On December 28, 2017, David Wright, Director of the Survey and Certification Group at the Centers for Medicare & Medicaid Services (CMS), sent a Memorandum to all State Survey Agency Directors to clarify CMS' position regarding texting patient information among healthcare providers. This Memorandum is effective immediately. Here is a summary of the Memorandum:

  • "Texting patient information among members of the health care team is permissible if accomplished through a secure platform,
  • Texting of patient orders is prohibited regardless of the platform utilized,
  • Computerized Provider Order Entry (CPOE) is the preferred method of order entry by a provider."

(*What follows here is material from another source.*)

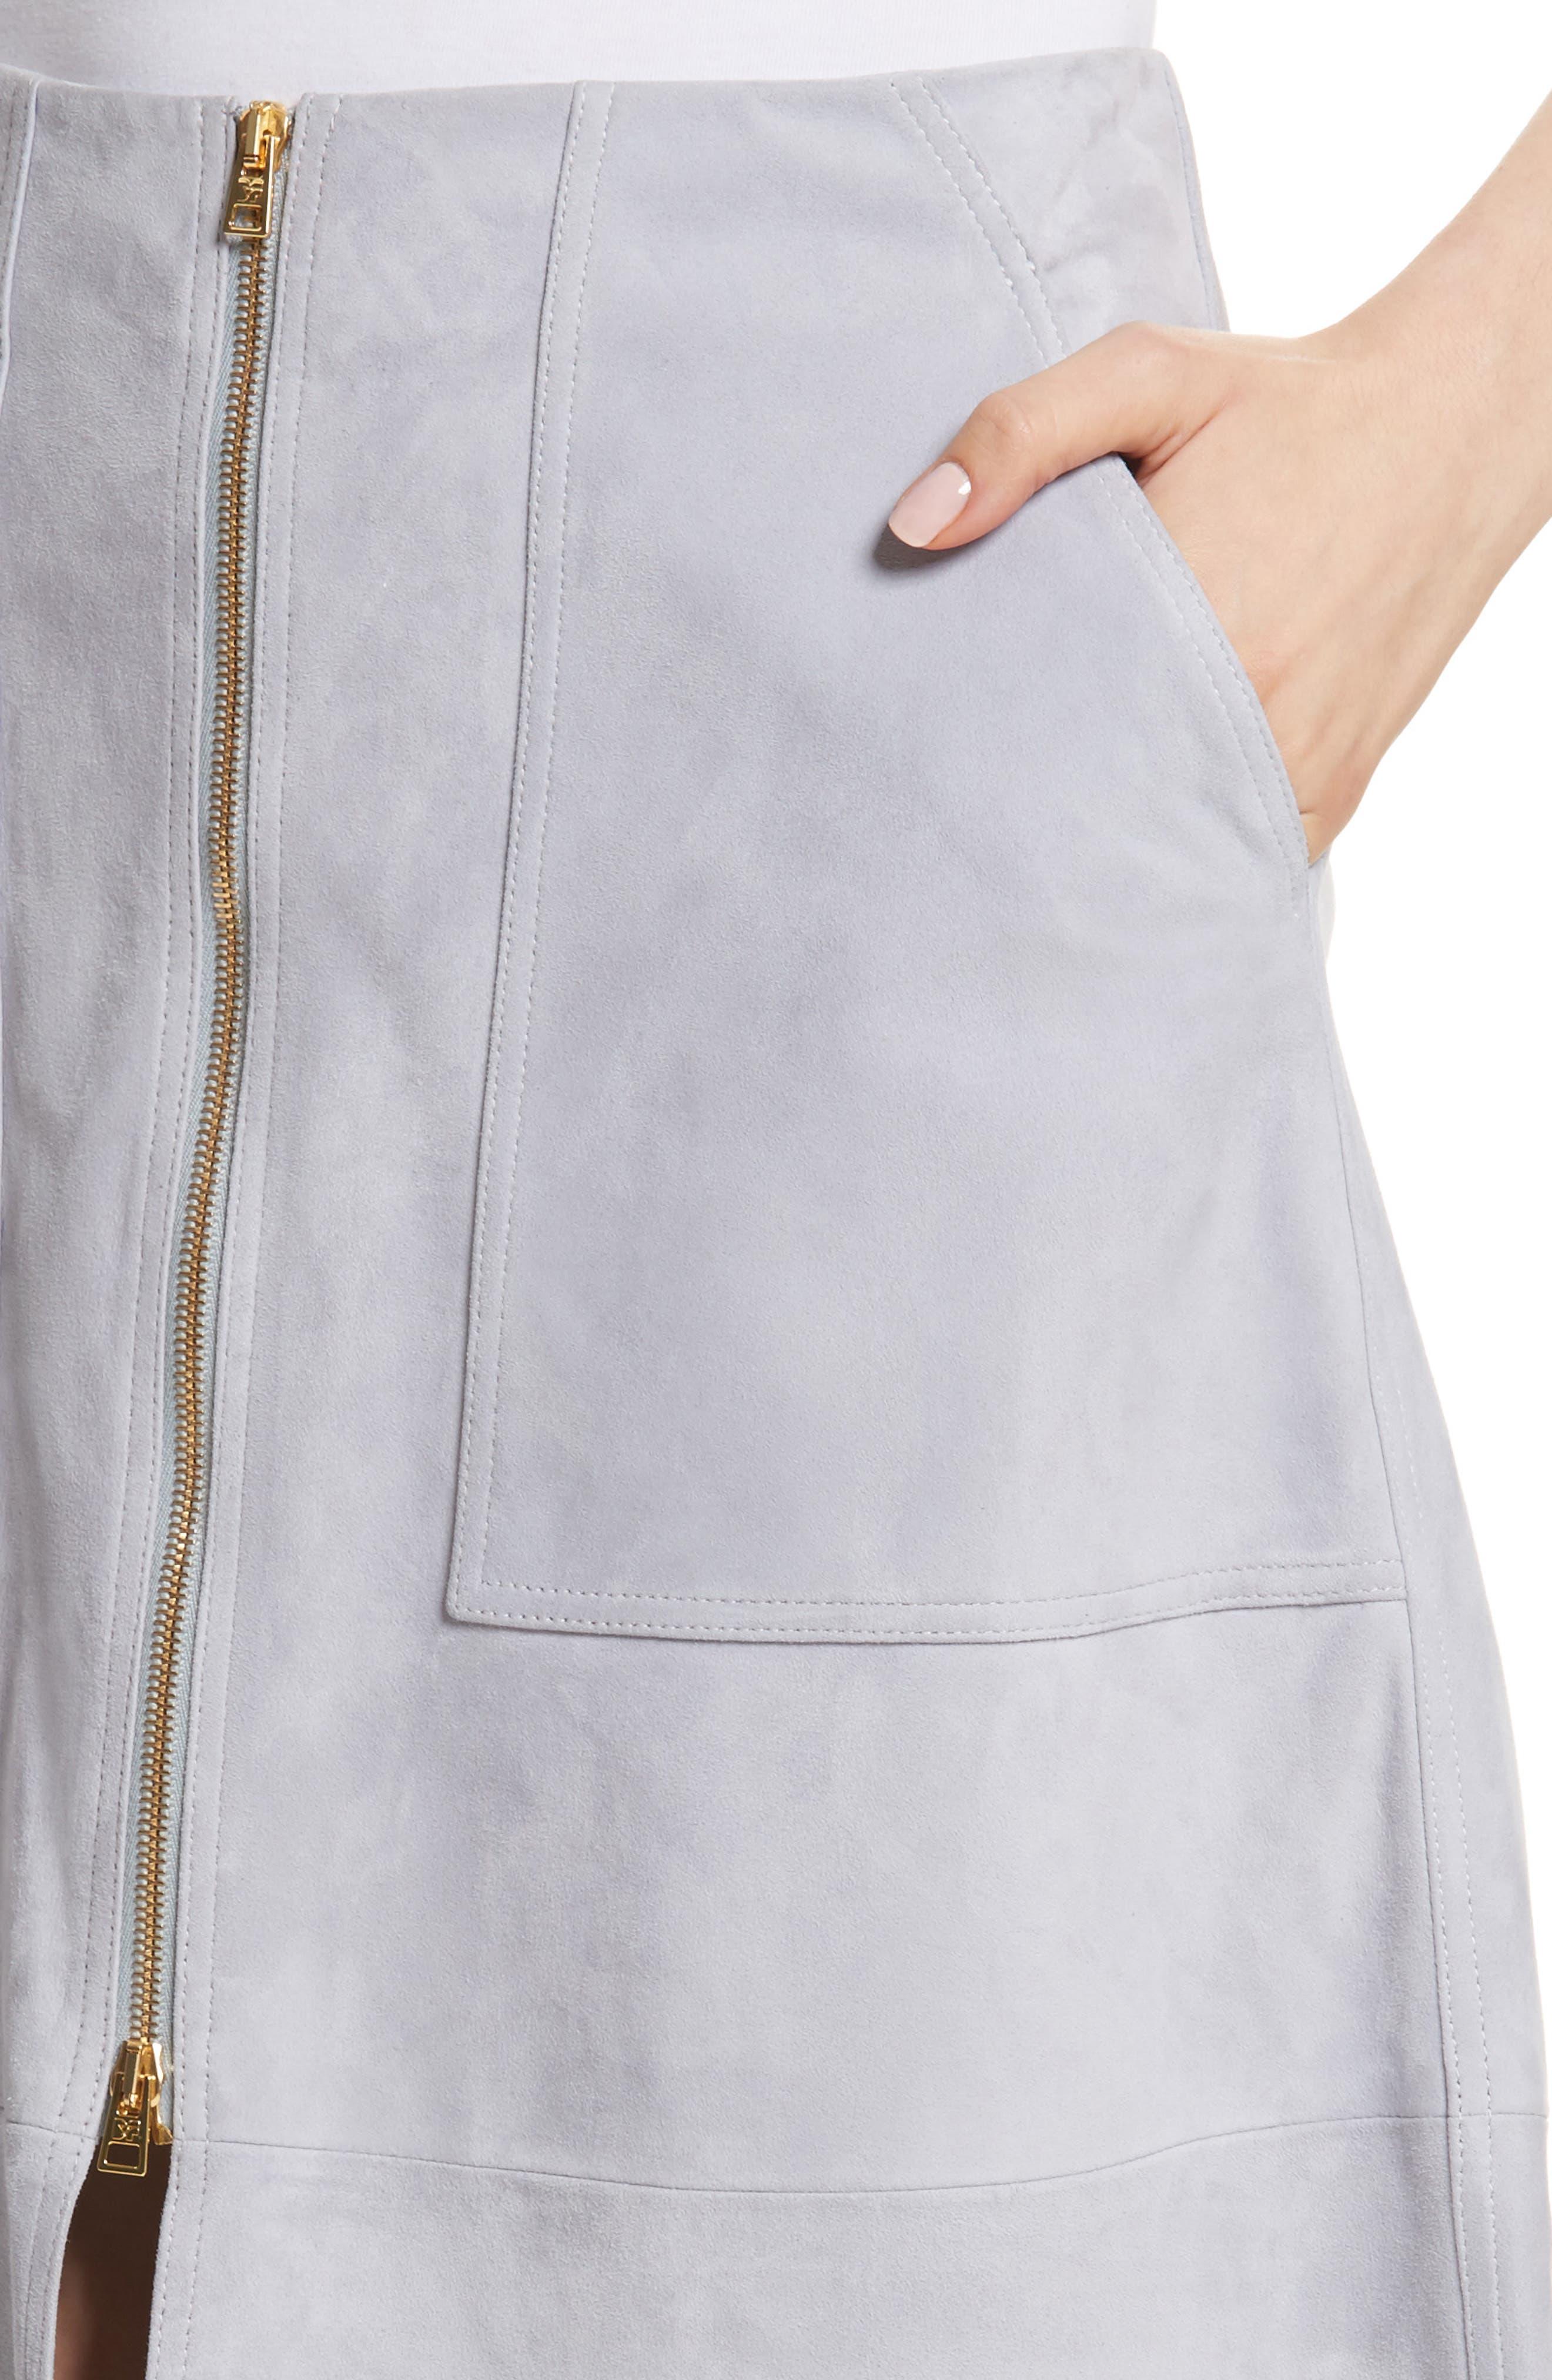 Diane von Furstenberg Patch Pocket Suede Midi Skirt,                             Alternate thumbnail 4, color,                             Smoke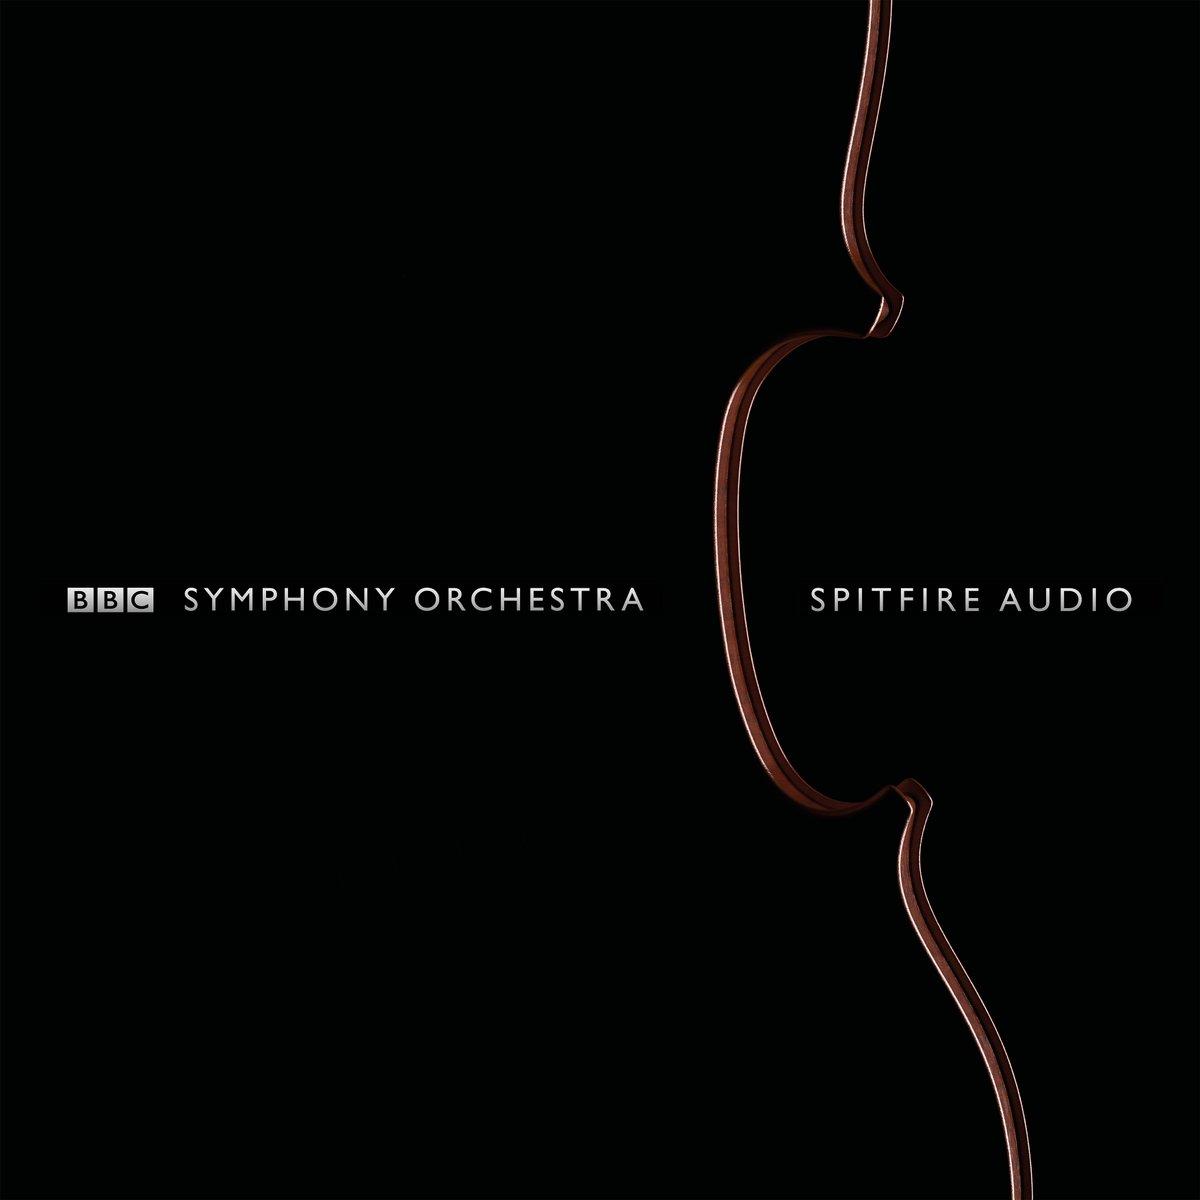 Spitfire Audio (@SpitfireAudio) | Twitter

CMS goes on to say that it does not permit the texting of orders by physicians or other health care providers. In fact, according to CMS, the practice of texting orders from providers to members of the care team is not in compliance with Conditions of Participation (CoPs) or Conditions for Coverage (CfCs).

CMS also says that CPOE is the preferred method of order entry by providers. Handwritten orders are also permitted. When orders are entered via CPOE with an immediate download into providers' electronic health records (EHR), orders are dated, timed, authenticated and promptly placed in medical records.

CMS then acknowledges that texting as a means of communication with other members of healthcare teams has become an essential and valuable means of communication among team members. In order to be compliant with CoPs or CfCs, however, all providers must utilize and maintain systems/platforms that are secure and encrypted and that minimize risks to patient privacy and confidentiality, consistent with HIPAA regulations and applicable CoPs and CfCs. Providers are also expected to implement procedures/processes that routinely assess the security and integrity of texting systems/platforms being utilized in order to avoid negative outcomes that could compromise patient care.

These requirements likely apply to all providers who receive reimbursement from the Medicare and Medicaid Programs, including Medicaid waiver programs. Providers should immediately modify their practices, if necessary, to comply with direction from CMS.